I’m shedding a few tears.  Wonderful reporting.  Your descriptions are marvelous.  Thank you and see you on the beach

----------


## GMP62

What a fabulous trip you had! We enjoyed all of your reporting, Gina….thanks for taking us along and look forward to your additional reports on Le G etc. once home safely!

----------


## CaribbeanSoul

Thank you for your on island reports! Just back ourselves and already planning for our return in May.

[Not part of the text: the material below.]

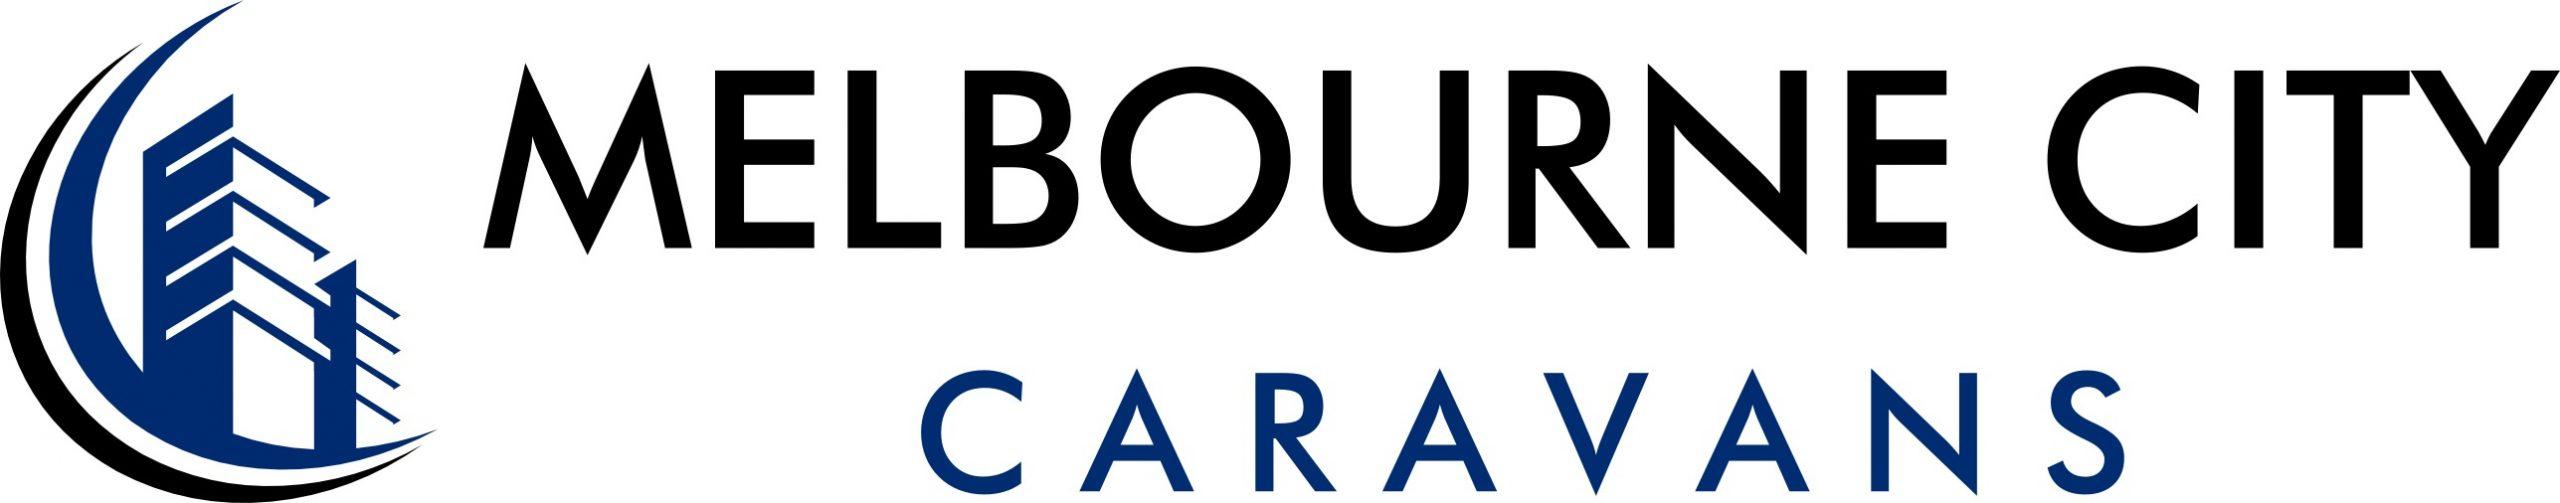 melbourne city caravans banner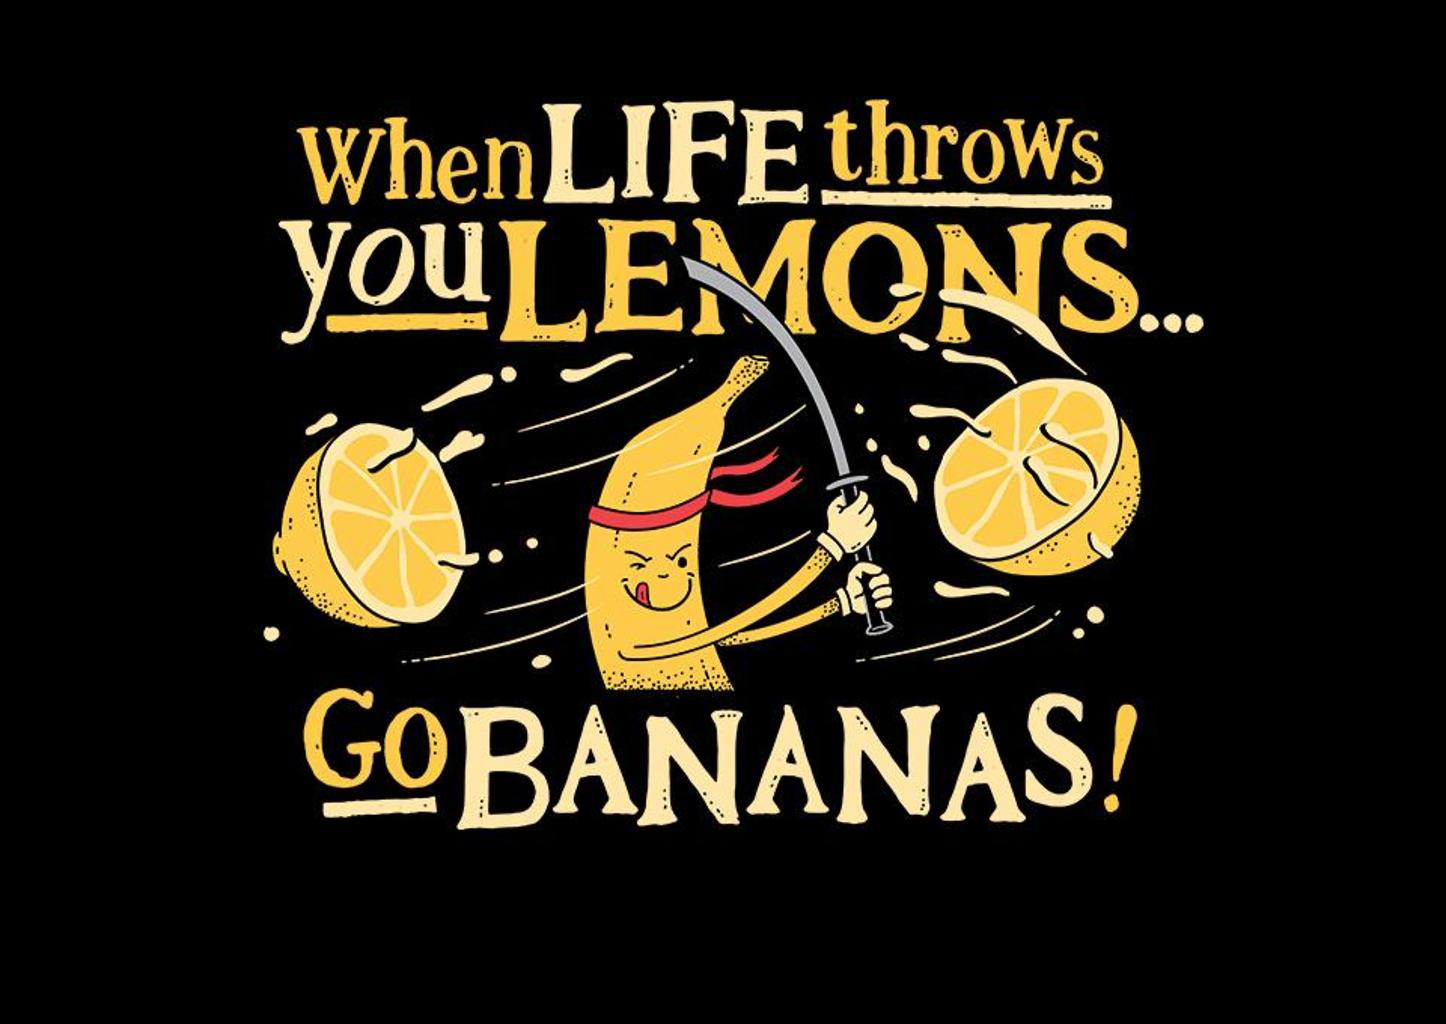 TeeFury: Go Bananas

Wishing you the best this holiday season!

----------


## davesmom

Thank you all so much for riding along in our winged Jimny as we flew around the island!  Some days, it seemed as thought we were at eye level with the birds flying down Camruche Hill..I am very grateful for DD's excellent driving skills as it is tough when you really can't see over the steering wheel, even though I am used to driving by "braille" at home....guys don't know the challenges of being 5 ft. 3..ok 5 ft. 2 and 7/8..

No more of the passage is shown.